Melville Bay is a coastal area off north-west Greenland between the town of Upernavik (Kalaallisut in Greenlandic) near 73 N latitude where 1100 people live and the village of Savissivik (Havighivik in Inuktun) at 76 N latitude where 60 Inuit live. There are no other towns or settlements between these two villages that are about as far apart as Boston is from Philadelphia, PA. Imagine there were no roads from Boston to New York to Philadelphia but only one large glacier next to another large glacier. This is Melville Bay.

Below I show an excellent set of photos of Savissivik by a French husband and wife team who visited in 2013/14. Their photographic gallery captures elements of contemporary subsistence living in remote Greenland where animals like seals, birds, fish, narwhal, and polar bears provide food, fuel, clothing, and income.

NASA dropped some 50 ocean sensors into Melville Bay froma plane during the short summer seasons each year 2016 through 2021. I met NASA pilots, engineers, and scientists doing their experiments when I was doing mine from a snowmobile in April of 2017 and again with Danish friends from a Navy ship in August of 2021, but these are stories for another day.

Let me start with a map of where NASA dropped their ocean profiling floats into Melville Bay and thus introduce the data. While the surface waters are usually near the freezing point, waters 300-400 meters deep down are much warmer. They originate from the Atlantic Ocean to the south and one of the goals of NASA’s “Ocean Melts Greenland” campaigns was to determine if and how these Atlantic waters reach the coastal glaciers. Most glaciers of Melville extend into this warm ocean layer and thus are melted by the ocean.

In the map above I paint the maximal temperatures in red and the bottom depths in blue tones. The profile on the right shows data for all depths at one station. As salinity increases uniformly (red curve) the temperature increases to a maximum near 300-m depth (black curve). It is this maximal subsurface temperature that I extract for each station and then put on the contour and station map on the left. The straight blue line connects Upernavik in the south with Sassivik in the north. It is an arbitrary line, coast-to-coast cutting across Melville Bay.

The warmest warm waters we find near Upernavik in the south and within a broad submarine canyon that brings even warmer waters from Baffin Bay towards the coast. Temperatures here exceed 2.4 or even 2.7 degrees Celsius. Most coastal waters along Melville Bay have a temperature maximum of about 1.5 to 1.8 degrees Celcius (about 35 Fahrenheit) and this “warm Atlantic” ocean water melts the coastal glaciers.
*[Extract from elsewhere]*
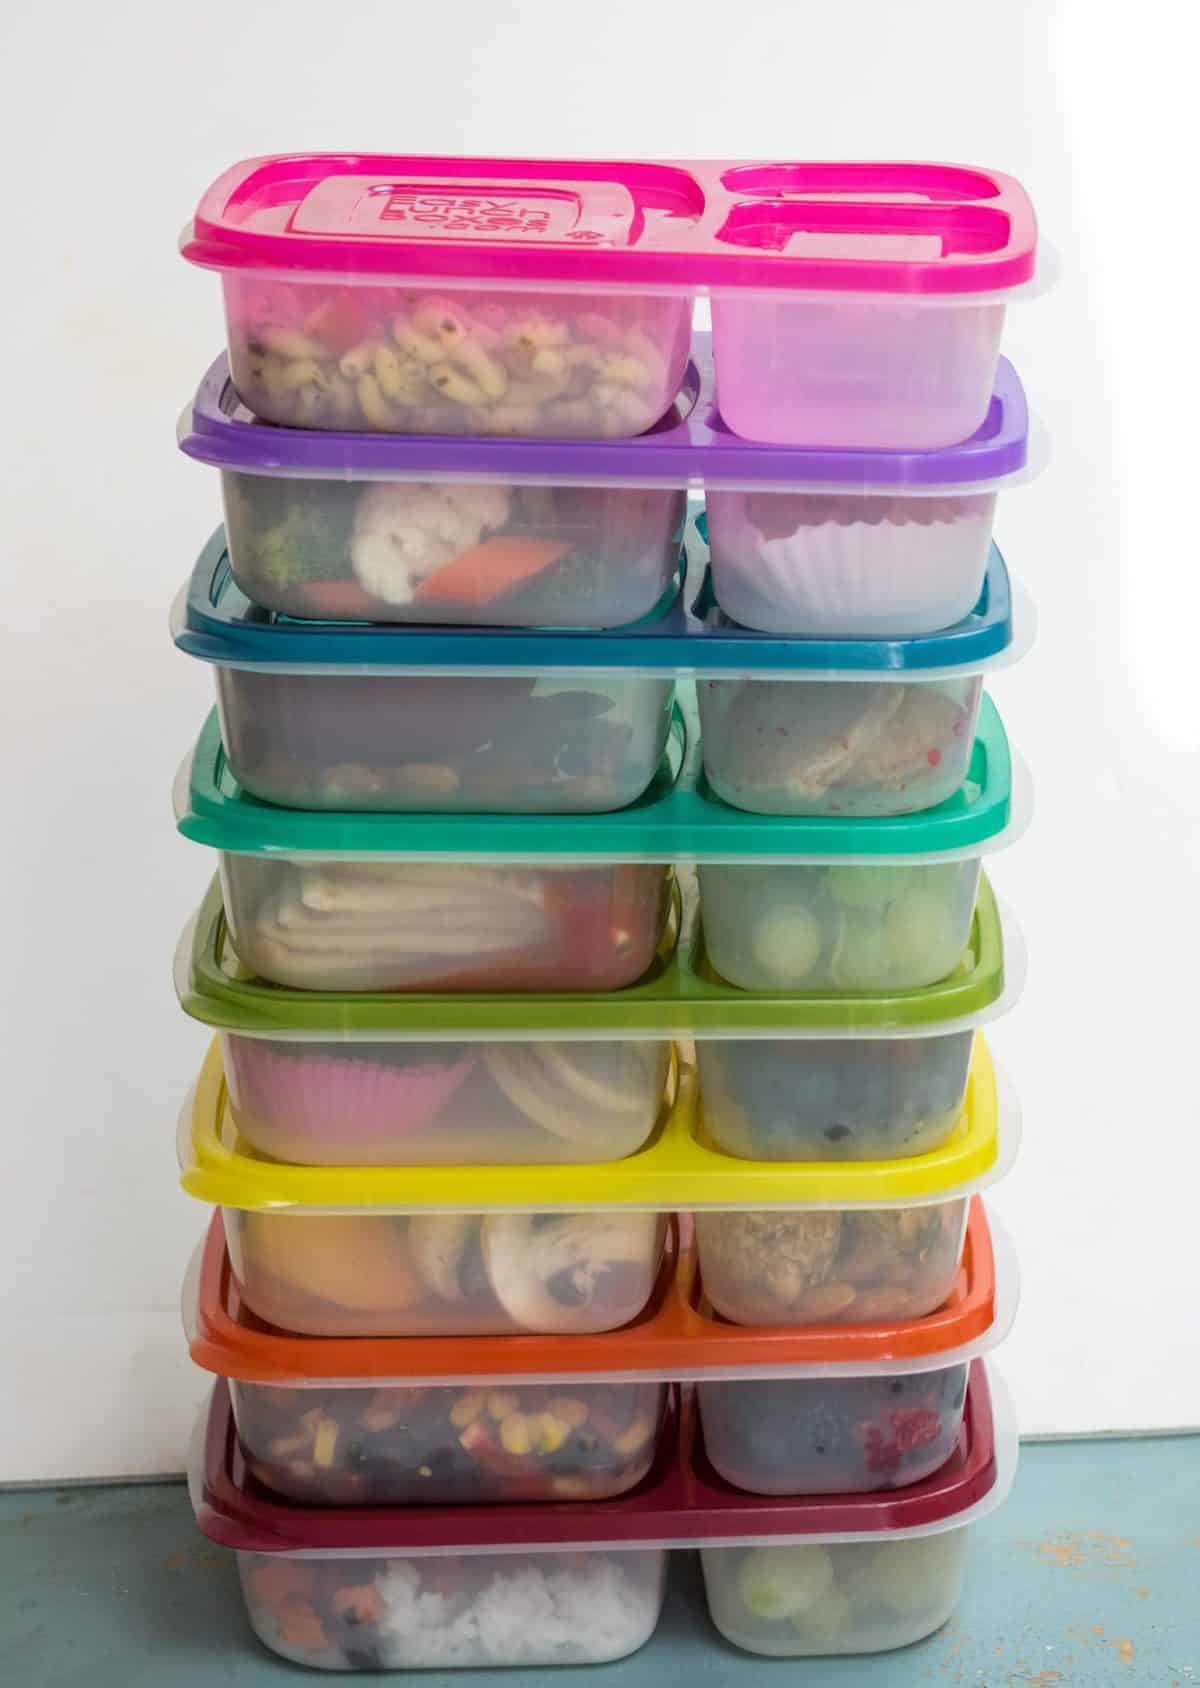 125 Healthy Lunchbox Ideas for Kids

The ocean melts the glaciers summer and winter while the warm air melts it only in summer.

There is more, because the glaciers’ melt also discharge fresh water into the ocean where it mixes to to form a layer of less dense or buoyant water. The buoyant waters create a local sealevel that is a little higher along the coast than farther offshore. The map above indicates that this “little higher sealevel” comes to about 4 cm or 2 inches. If this pressure difference across the shore is balanced by the Coriolis force, as it often does, then an along-shore coastal current results. This coastal current would move all icebergs from south to north unless they get stuck on the bottom. Along the northern coastline of Melville Bay the surface flow is from east to west. The coastal current is strongest near Savissivik where we find a (geostrophic) surface current larger than 40 cm/s. At that speed an iceberg would move more than 21 miles per day. Such strong surface flows are exceptional and diminish rapidly with depth. Hence a freely floating iceberg with a draft of several hundred meters would move much slower than the surface current.
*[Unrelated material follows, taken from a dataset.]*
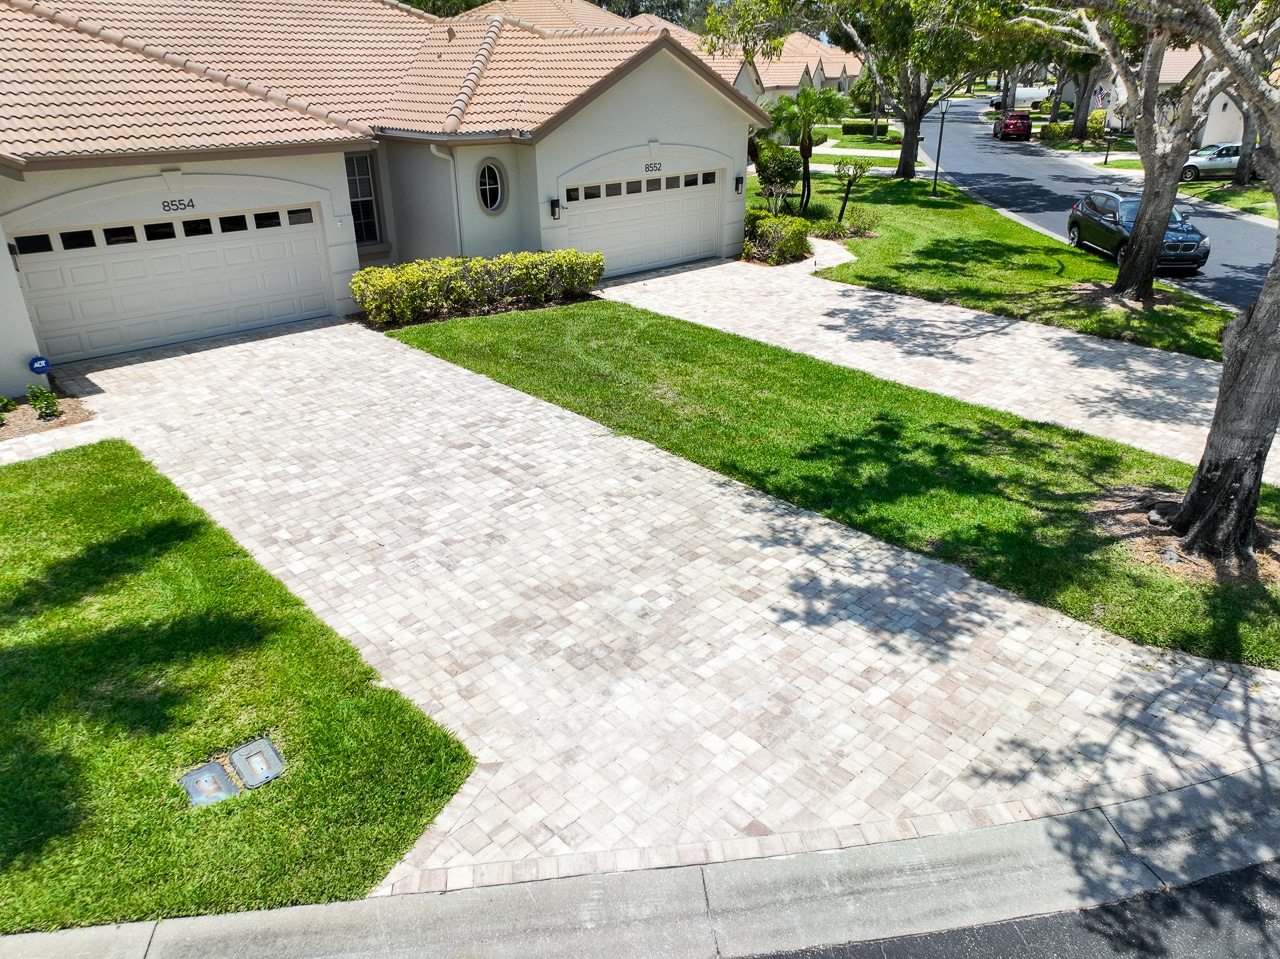 Residential Driveway Paver

I met a hunter from Savissivik in April of 2017 and for a fast-moving night we discussed the state of local fishing, hunting, living, traveling, and working on the sea ice next to the glaciers of Melville Bay. He invited me to become his apprentice. As such I would now ask him about the surface currents outside his home. Which way does he observe the icebergs to move in summer or winter? Has hunting on the sea ice in winter changed over his life time? When is it safe to travel there with a dog-sled? Could he and I perhaps work together during the spring to deploy ocean sensors through the sea ice? I am dreaming again …

My own private Iceland

Reading Halldor Laxness’ epic novel “Independent People,” I am in Iceland for the last 10 days. I re-discovered this author after reading a small essay the New Yorker published last week. This book is set in Iceland of the early 1900s to the mid 1920ies. Sheep, starvation, and spirits evil and otherwise all play roles as does time that changes people, politics, and procreation. Finishing it sunday, I feel I have been here before.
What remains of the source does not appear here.